C. K-Dominant Character

time limit per test

2 seconds

memory limit per test

256 megabytes

input

standard input

output

standard output

You are given a string s consisting of lowercase Latin letters. Character c is called k-dominant iff each substring of s with length at least k contains this character c.

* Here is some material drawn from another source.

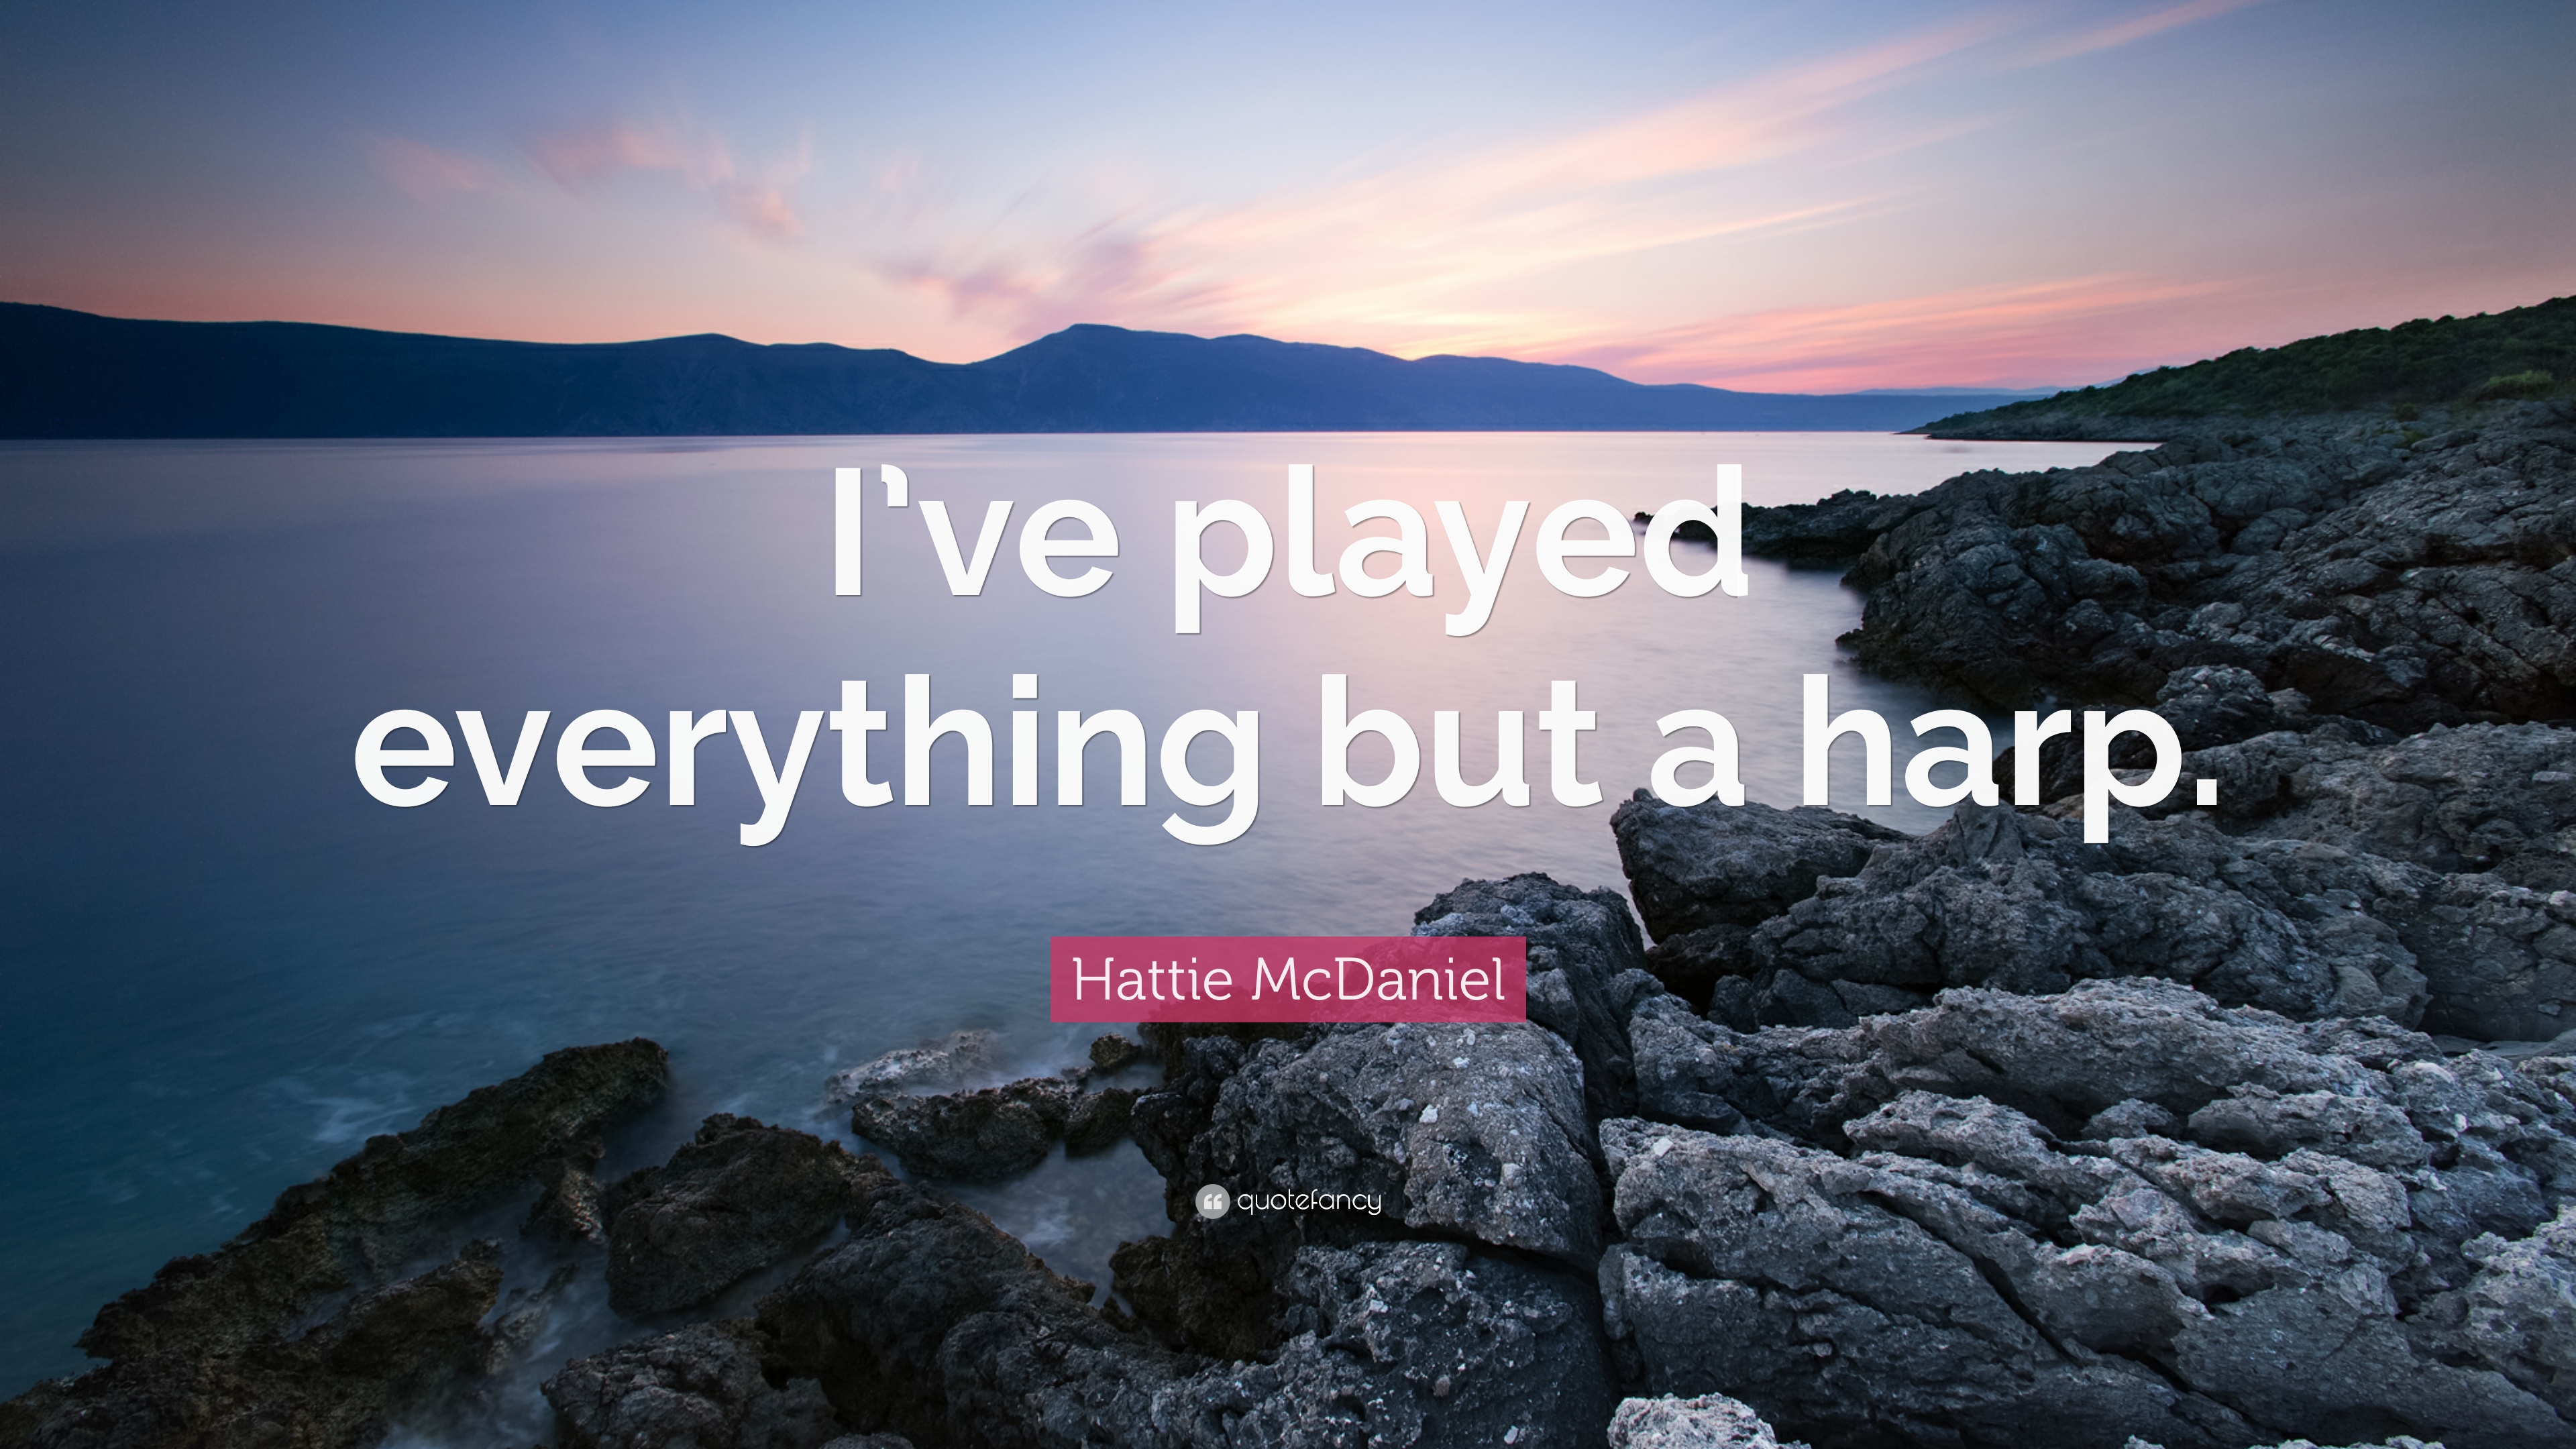 Hattie McDaniel Quote: “I've played everything but a harp.” 7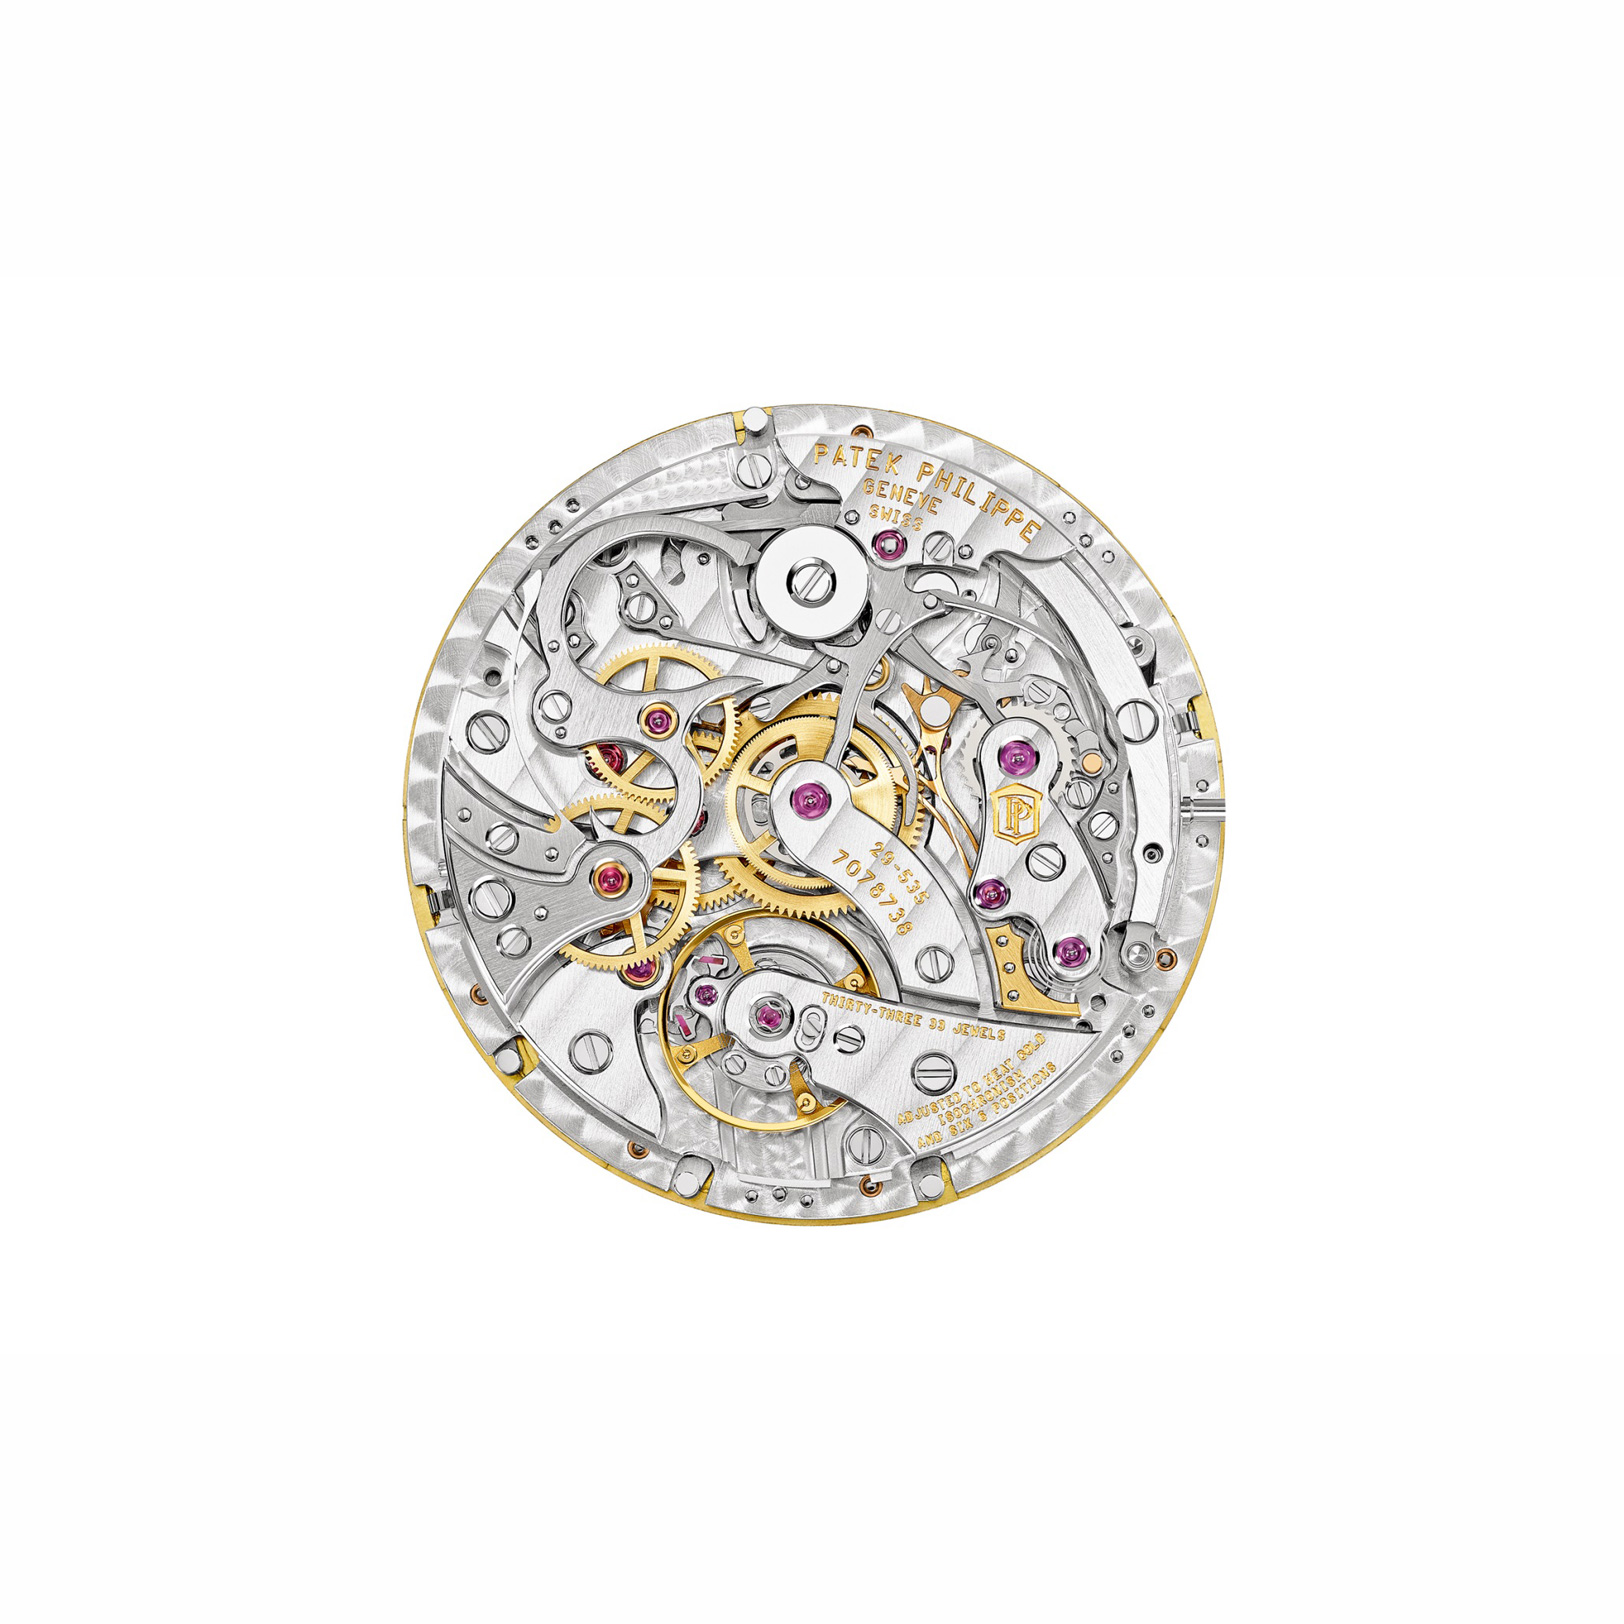 Grand Complications Perpetual Calendar Chronograph Yellow Gold gallery 5

You have to find minimum k such that there exists at least one k-dominant character.

Input

The first line contains string s consisting of lowercase Latin letters (1 ≤ |s| ≤ 100000).

Output

Print one number — the minimum value of k such that there exists at least one k-dominant character.

Examples

Input

abacaba

Output

2

Input

zzzzz

Output

1

Input

abcde

Output

3

给一个字符串，找最短每几个字符都会出现一个字符X（X不确定）。

思路：找到每个同一字符相距最远的长度d，则此字符为每d个长度的字符串都出现的字符，再找最小的d。需要注意的是求得d还要考虑第一个字符距离开始0的位置，和最后一个此字符距离结束n的位置。情况考虑不全wrong好几次

#include<bits/stdc++.h>
using namespace std;
char s[100010];
map<char,int>q;
map<char,int>m;
map<char,int>w;
int main()
{
    scanf("%s",s+1);
    int l=strlen(s+1);
    q.clear();
    m.clear();
    w.clear();
    if(l==1)
    {
        printf("1\n");
       return 0;
    }
    for(int i=l;i>=0;i--)
        w[s[i]]=i;
    for(int i=1;i<=l;i++)
    {
        if(m[s[i]]!=0)
        q[s[i]]=max(q[s[i]],i-m[s[i]]);
        m[s[i]]=i;
    }
    int ans=100000000;
    for(int i=1;i<=l;i++)
    {
        if(q[s[i]]!=0)
         {
          q[s[i]]=max(q[s[i]],l-m[s[i]]+1);
          q[s[i]]=max(q[s[i]],w[s[i]]);
          if(q[s[i]]<ans)
          ans=q[s[i]];
         }
    }
    int p=l/2+1;
    if(ans==100000000)
    ans=l/2+(l/2==0?0:1);
    printf("%d\n",min(p,ans));
}